How to complete this task: From the records below, output exactly the lines running from the line containing "Tea Goblin - The" through the line containing "CN-MBH, 1999 Boeing", and no others.

╭─ Data

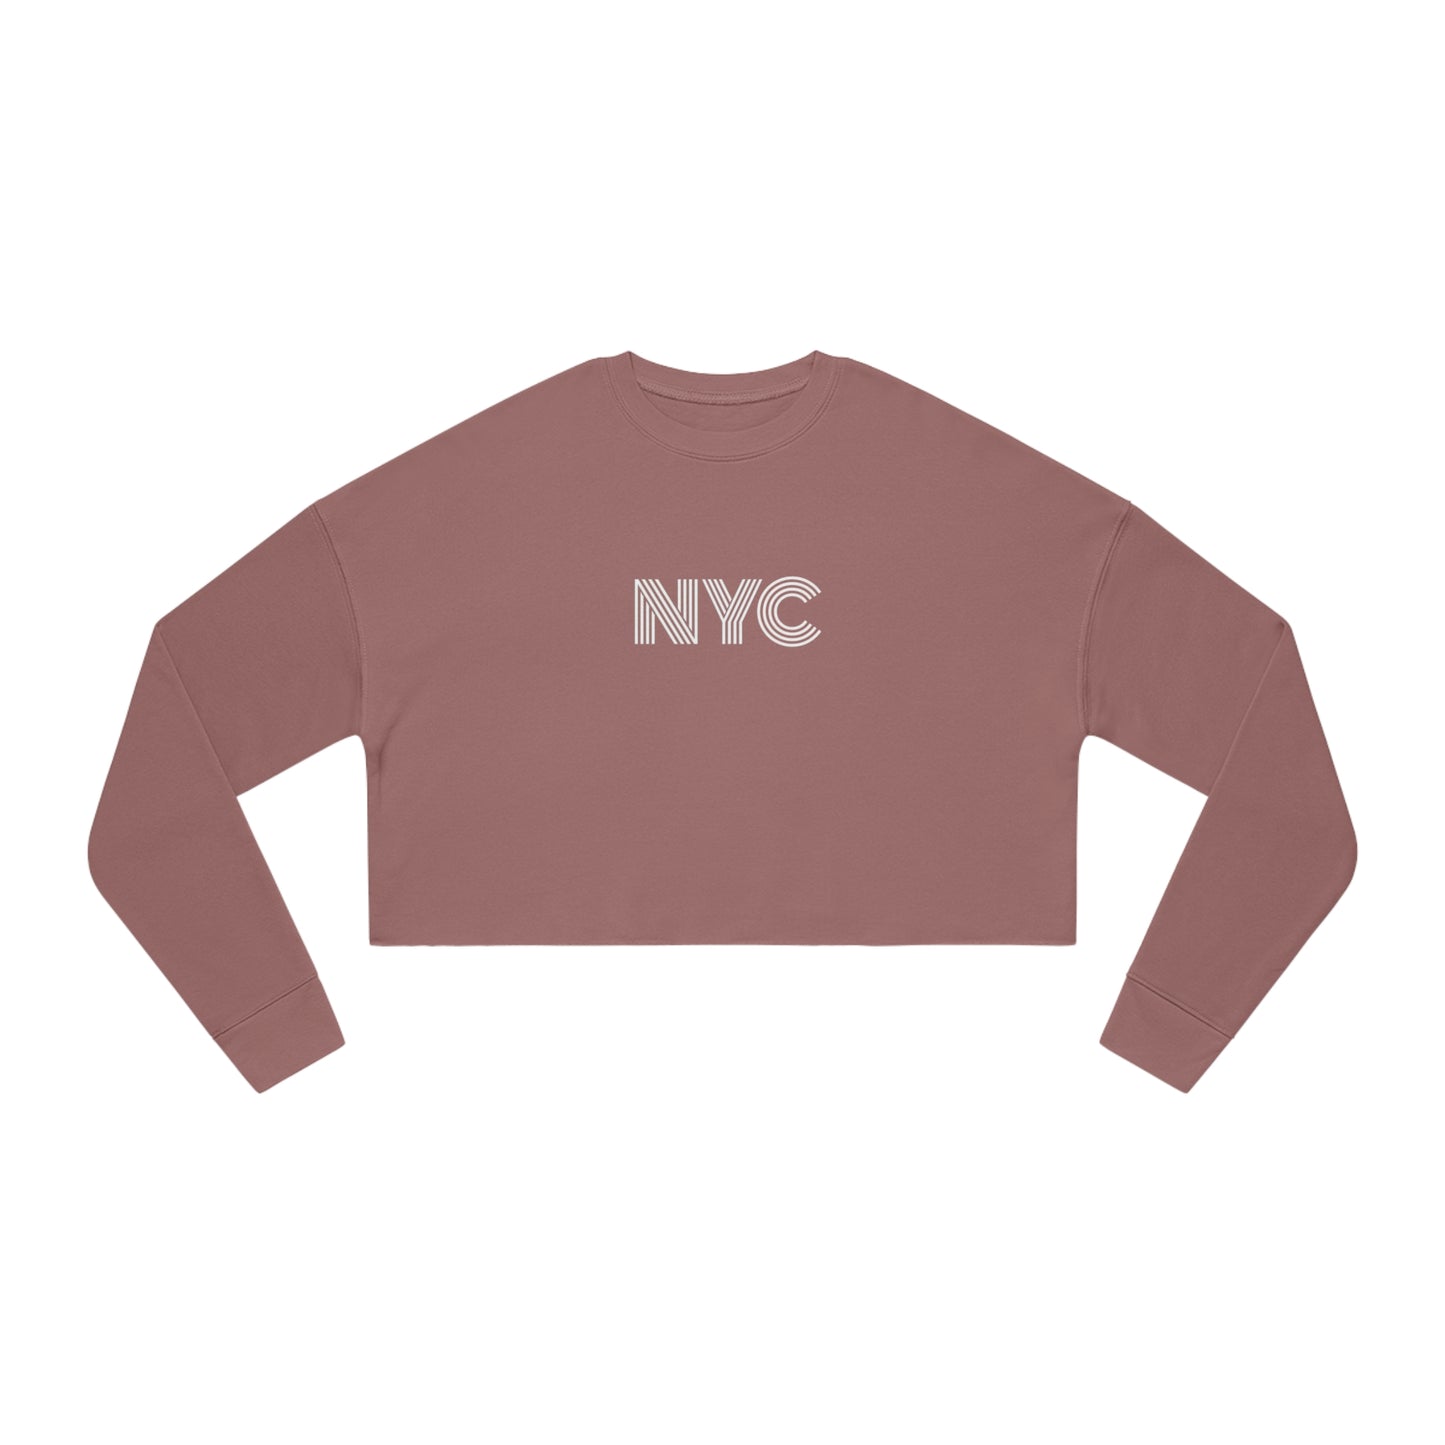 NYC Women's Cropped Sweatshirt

╰─
╭─ Data

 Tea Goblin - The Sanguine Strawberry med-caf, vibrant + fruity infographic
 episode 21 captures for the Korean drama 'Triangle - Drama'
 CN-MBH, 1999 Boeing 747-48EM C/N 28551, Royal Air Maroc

╰─
╭─ Data

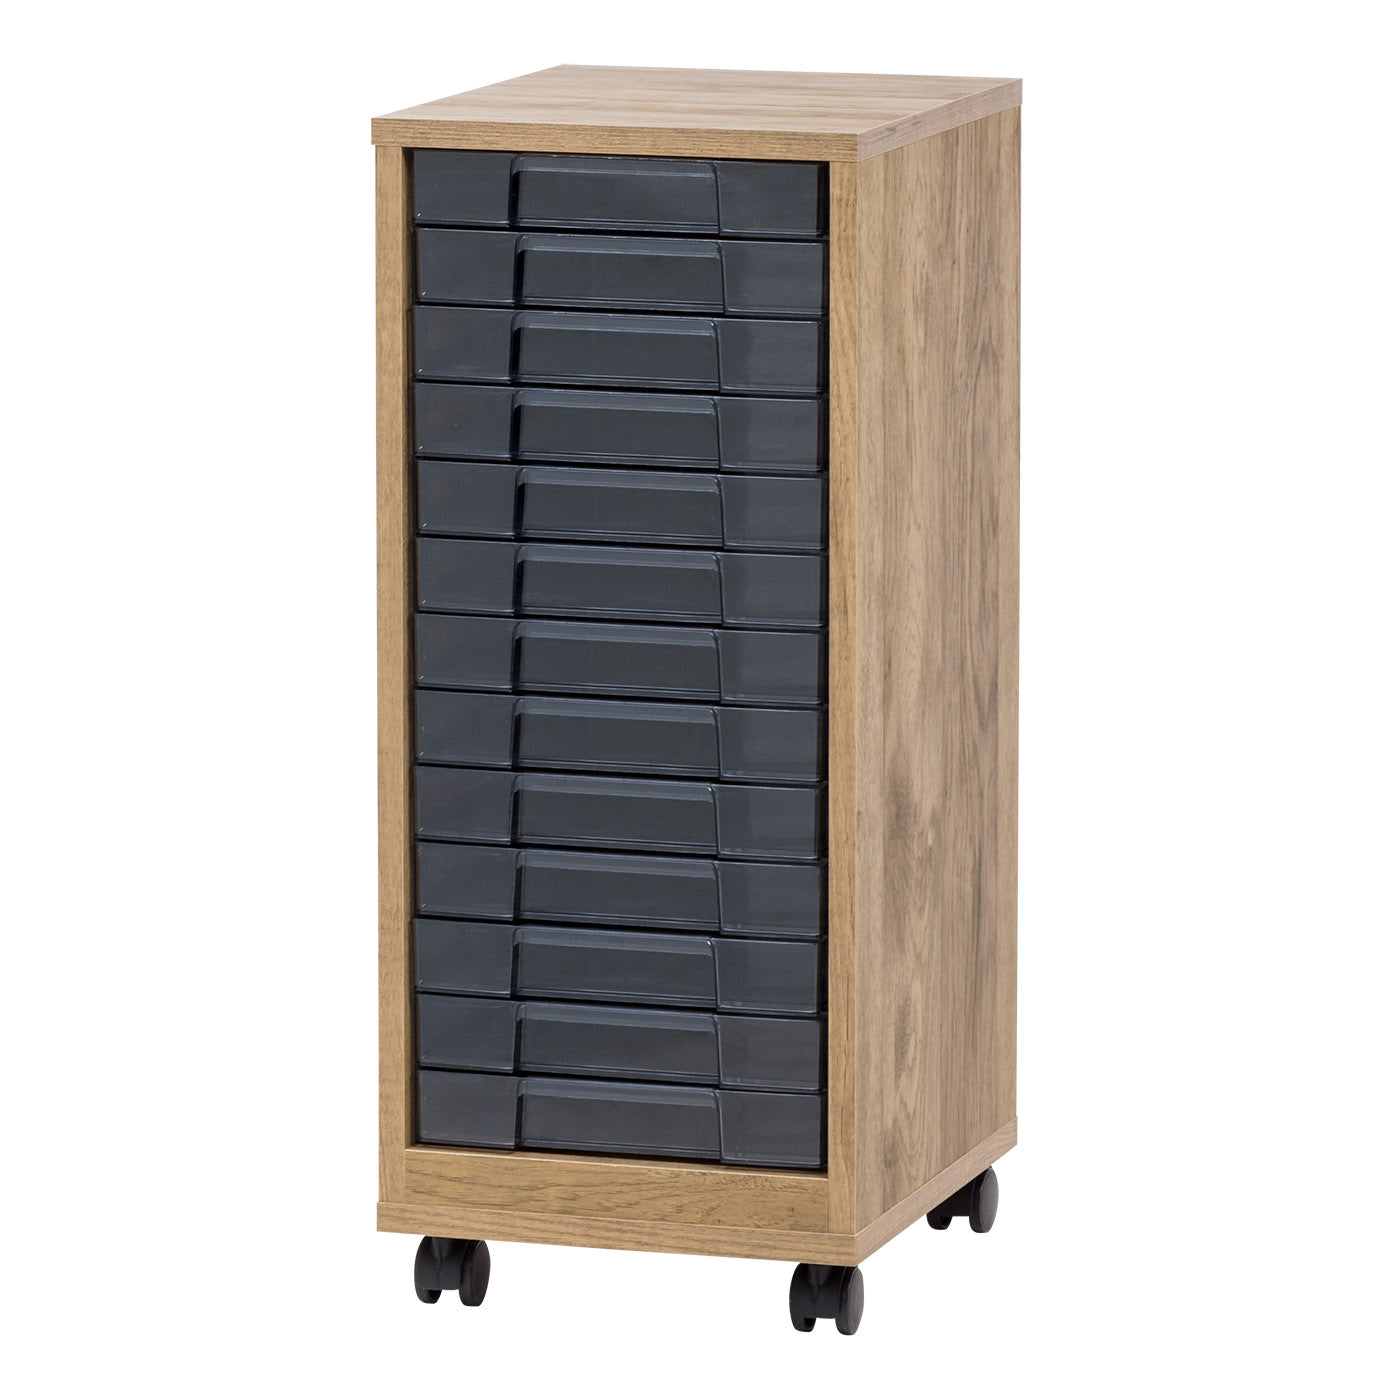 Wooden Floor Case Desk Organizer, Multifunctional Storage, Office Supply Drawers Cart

╰─

Written reply:
 Tea Goblin - The Sanguine Strawberry med-caf, vibrant + fruity infographic
 episode 21 captures for the Korean drama 'Triangle - Drama'
 CN-MBH, 1999 Boeing 747-48EM C/N 28551, Royal Air Maroc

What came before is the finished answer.